Cite as: https://hdl.handle.net/11858/00-001M-0000-0027-F89B-9
Abstract
The molecular structure of collagen type 1 can be understood as the result of evolutionary selection in the process of formation of calcium phosphate based biocomposites acting as load bearing components in living organisms. The evolutionary selection fulfills the principle of 'survival of the fittest' in a particular biological environment. Disk-like post-nucleation complexes of Ca-2(HPO4)(3)(2-) organized in ribbon-like assemblies in the metastable octacalcium phosphate (OCP) phase, and Ca-3 triangles in the stable HAP phase had formed the crystallographic motifs in this selection process.

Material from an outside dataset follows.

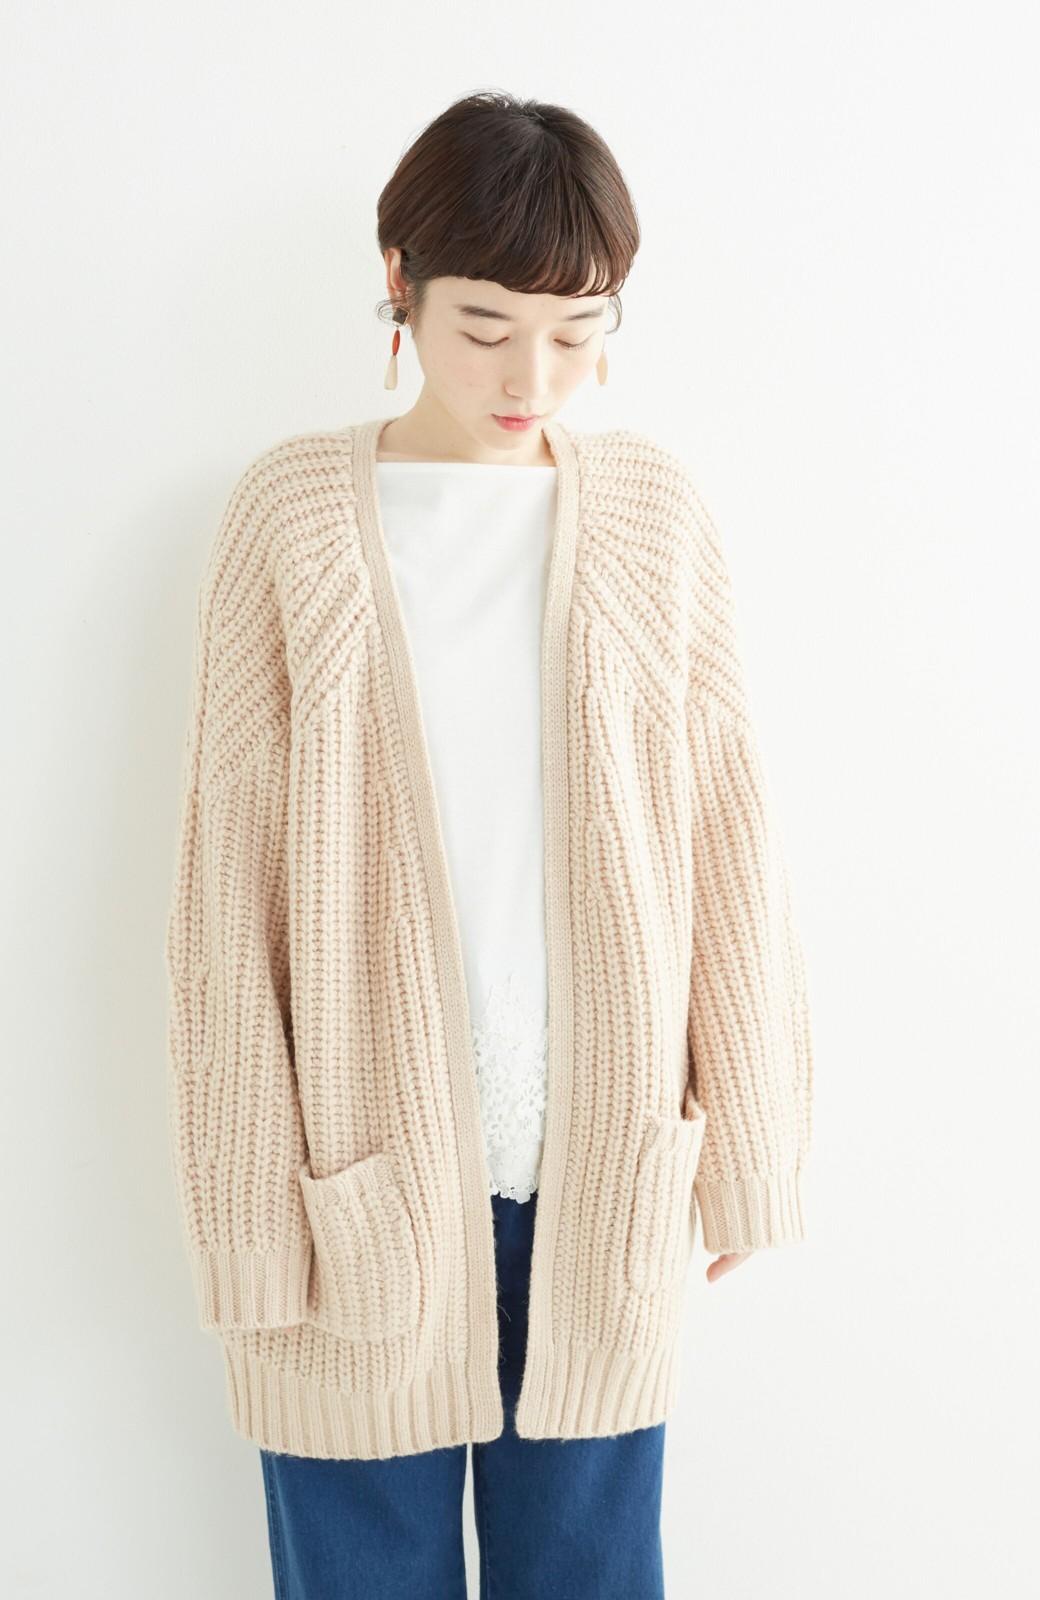 エムトロワ ぱっと羽織るのに便利なざっくり編みカーディガン <ライトベージュ>の商品写真10
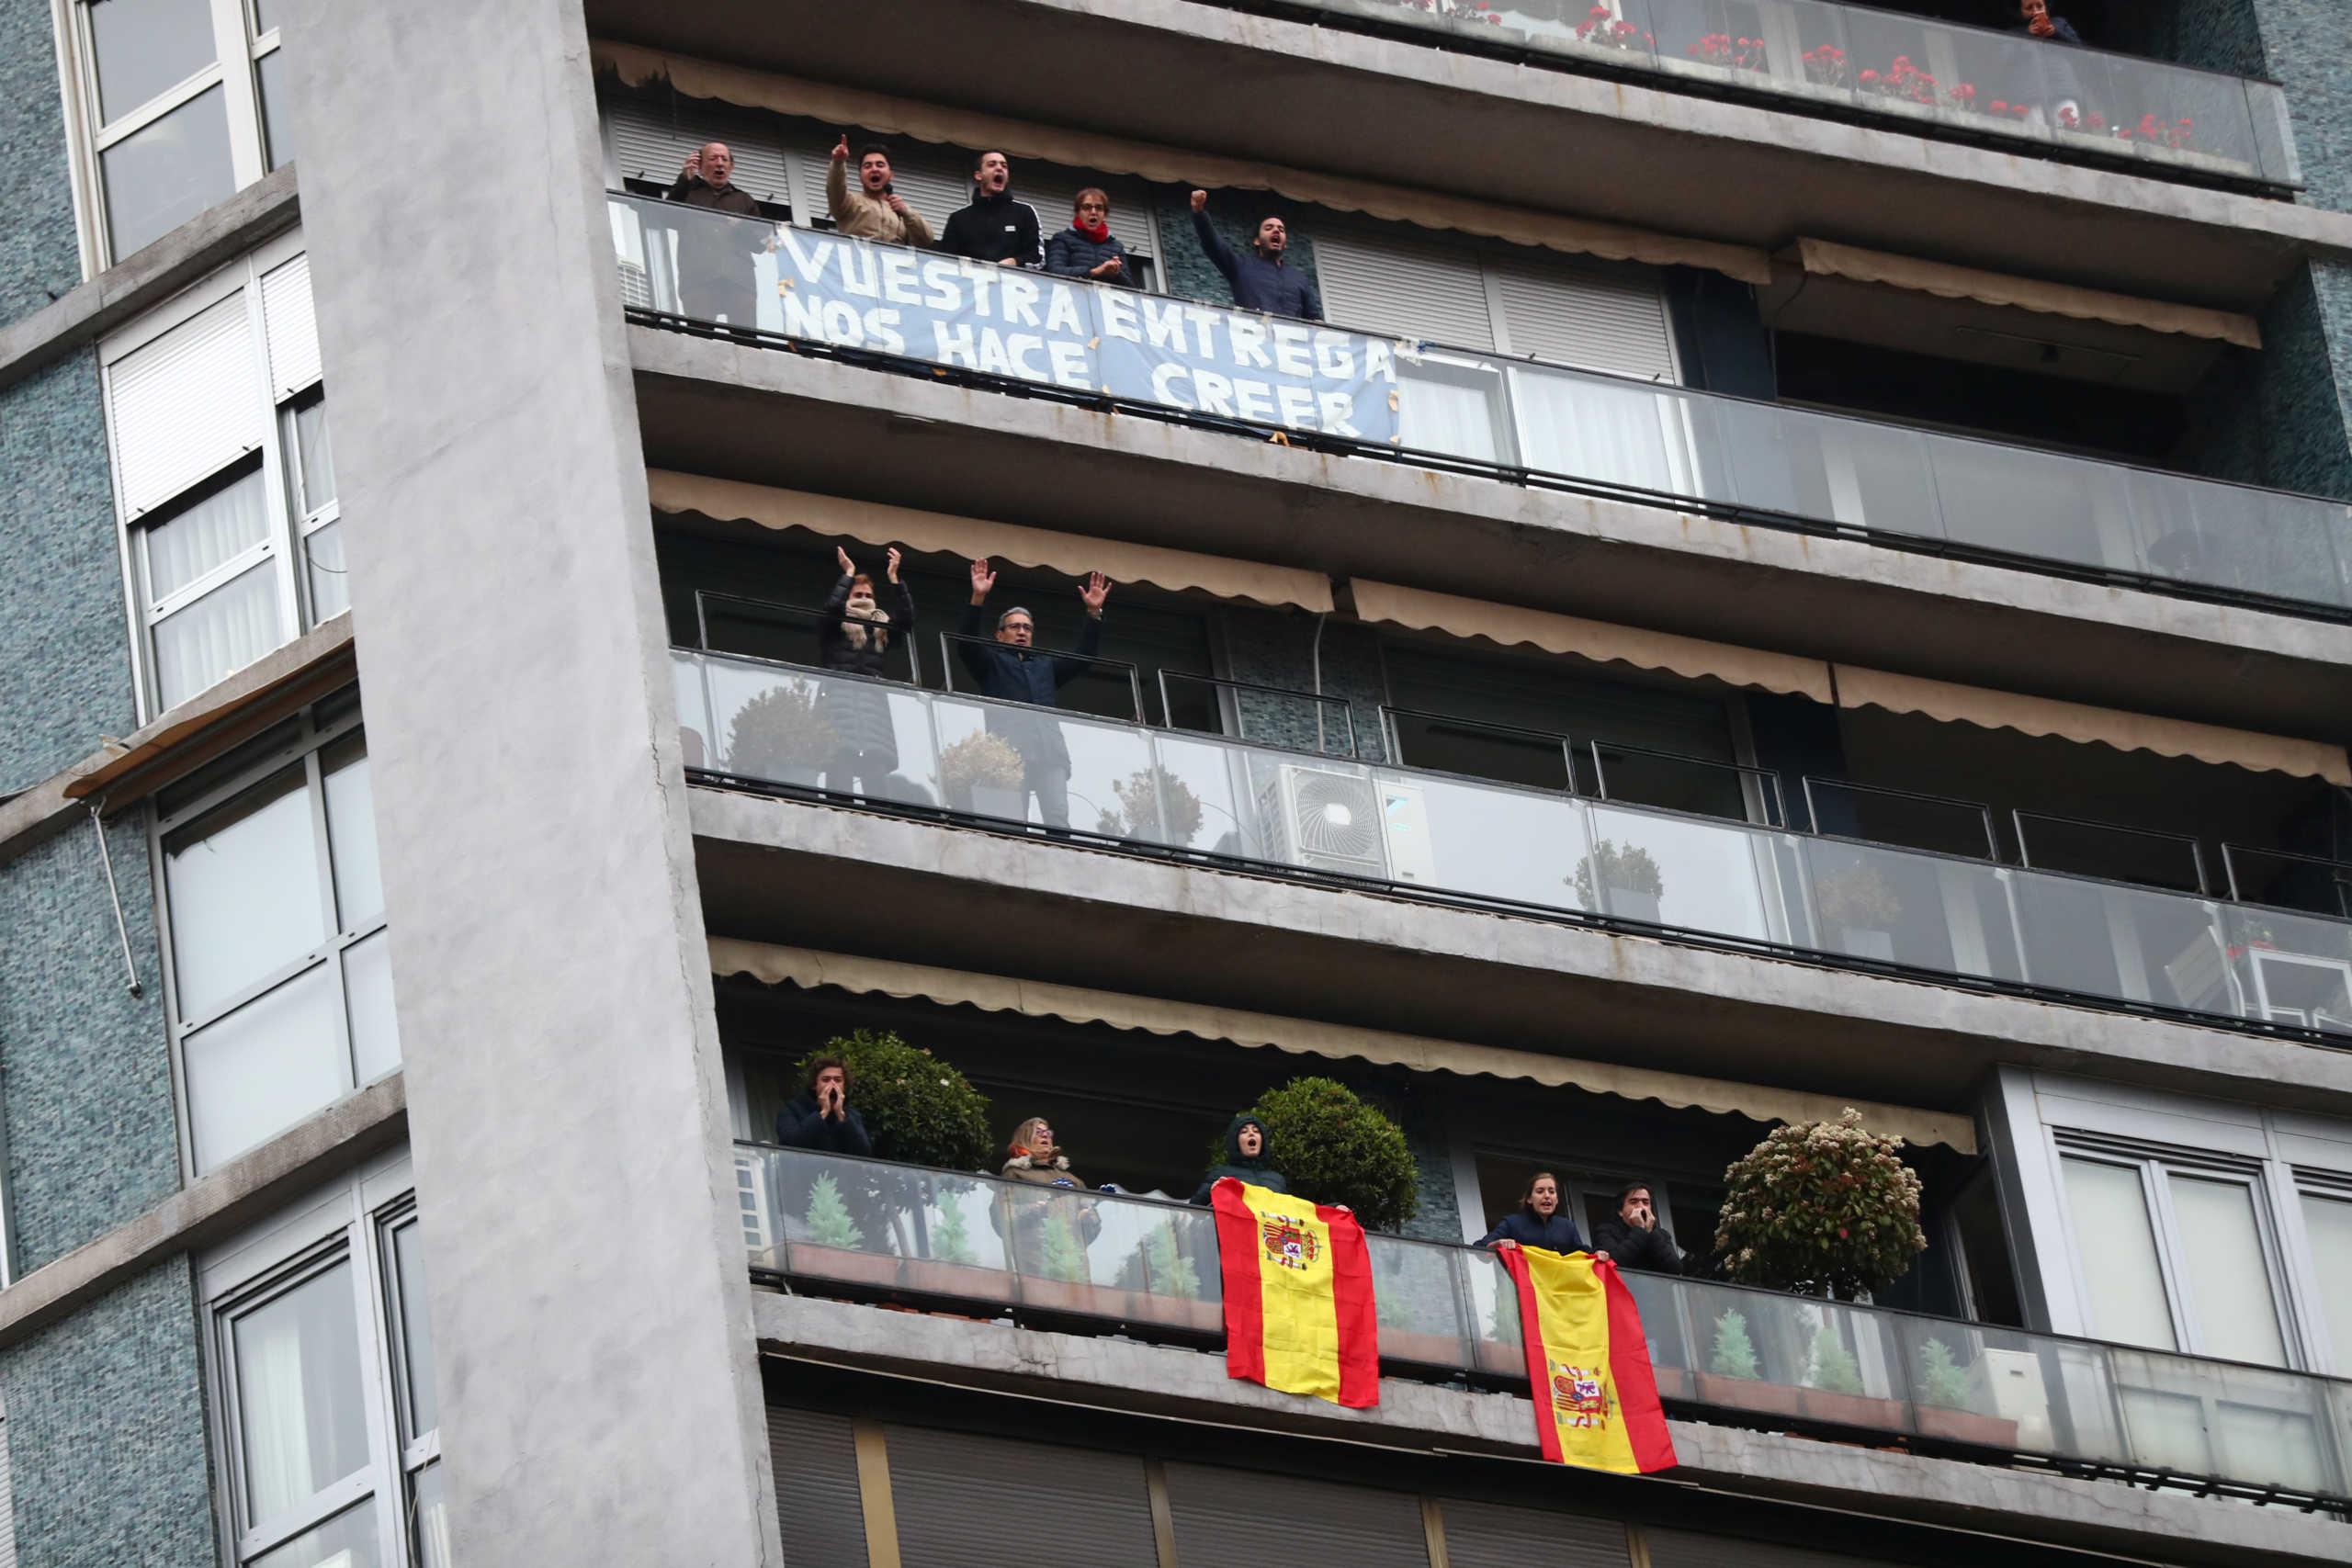 Αναστέλλονται οι εξώσεις στην Ισπανία – Δεν κόβεται ρεύμα ή νερό από τους ασυνεπείς καταναλωτές

The rotational as well as the translational symmetry of the major tropocollagen (TC) helix agree nearly perfectly with the corresponding symmetries of the OCP structure. The sequence of (Gly-X-Y) motifs of the three a chains constituting the TC molecule enables an optimized structural fit for the nucleation of Ca-3 triangles, the directed growth of nanostructured OCP, and the subsequent formation of hydroxyapatite (HAP) in collagen macrofibrils by a topotaxial transition. The known connection between genetic defects of collagen type 1 and Osteogenesis imperfecta should motivate the search for similar dependences of other bone diseases on a disturbed molecular structure of collagen on the genetic scale.